Immer mehr Menschen machen sich abhängig von einer einzigen Kommunikationsplattform: Facebook. Sie verabreden sich, sie chatten, sie veröffentlichen Fotos und äußern ihre Meinung. Umso größer der Schock, wenn plötzlich alles weg ist oder erhebliche Lücken in den veröffentlichten Informationen klaffen. So geschehen dem Autor Jürgen Elsässer...
Facebook
© Annette Shaff/Shutterstock.com
George Orwell hätte gestaunt: Ein dubioser amerikanischer Computerkonzern verwaltet die sozialen Beziehungen von über einer Milliarde Menschen. Und die werden nicht etwa dazu gezwungen, sondern vertrauen ihre Gedanken, Fotos und Beziehungen ganz freiwillig dem Computernetzwerk an, bis sie komplett darauf angewiesen sind. Und dann sitzt der Konzern am Drücker - bei jedem Einzelnen und auch bei allen zusammen.
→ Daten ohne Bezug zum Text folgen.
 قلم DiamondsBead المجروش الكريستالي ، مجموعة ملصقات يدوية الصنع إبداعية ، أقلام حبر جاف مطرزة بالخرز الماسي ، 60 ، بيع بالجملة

Hat der Multi erst einmal genügend soziale Beziehungen aufgesaugt, gehen andere Plattformen ein, und die Menschen sind total abhängig.
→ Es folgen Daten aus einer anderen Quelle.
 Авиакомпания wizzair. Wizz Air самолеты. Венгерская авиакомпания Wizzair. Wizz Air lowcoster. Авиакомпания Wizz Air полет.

Die Rede ist von Onlineplattformen wie Facebook. Dienste wie dieser oder auch Wikipedia und YouTube hatten den Sinn, aus einem Internet, das allen gehörte, ein Internet zu machen, das nur wenigen gehört - durch Monopolisierung. Die monopolistischen Plattformen dieses so genannten »Web 2.0« ziehen so viele Nutzer an, dass irgendwann jeder dazugehören möchte und muss. Während sie die Millionen- oder Milliardenstädte des Internets repräsentieren, sind alles andere nur Dörfer oder einzelne Häuser, die kaum jemand besucht. So bringt man das Internet unter Kontrolle. Und so sind die meisten Internetnutzer plötzlich Diensten wie Facebook, YouTube, Google oder Wikipedia ausgeliefert. Das heißt, Facebook & Co. sind ein Teil der Diktatur der Neuen Weltordnung, die global Meinungen und Beziehungen beobachten und kontrollieren will. Und wenn man erst mal genügend Meinungen und Beziehungen unter Kontrolle hat, hat man es geschafft.

Knopfdruck genügt...

Bei all diesen Diensten genügt technisch gesehen ein Knopfdruck, um Informationen zu eliminieren - oder auch Beziehungen. Schwarzmalerei? Eine Gruselvorstellung? Mitnichten - sondern aktuelle Realität. Diese Erfahrung musste jetzt Jürgen Elsässer machen, Autor und Chefredakteur des Nachrichtenmagazins Compact. »Wir haben die von Dir geposteten Inhalte entfernt«, meldete sich am 21. Februar 2013 die Online-Plattform Facebook bei ihm: »Wir haben die folgenden Inhalte, die Du gepostet hast oder deren Administrator Du warst, entfernt, weil sie gegen die Erklärung der Rechte und Pflichten von Facebook verstoßen haben.«

Wie bitte: Einfach mal die Facebook-Seiten durchforsten und rausschmeißen, was einem nicht passt? Dabei ging es um ein Thema, das zurzeit von vielen kontrovers diskutiert wird: Die so genannte »Homo-Ehe« und das Adoptionsrecht für Schwule. Aber selbst wenn das Thema von sonst niemandem diskutiert werden würde: Wie kommt ein Kommunikationsanbieter dazu, bei einer bestimmten Angelegenheit das Licht auszumachen? Schaltet demnächst vielleicht die Telekom die Telefonleitung ab, wenn bestimmte Worte fallen? Wer weiß - ausschließen kann man gar nichts.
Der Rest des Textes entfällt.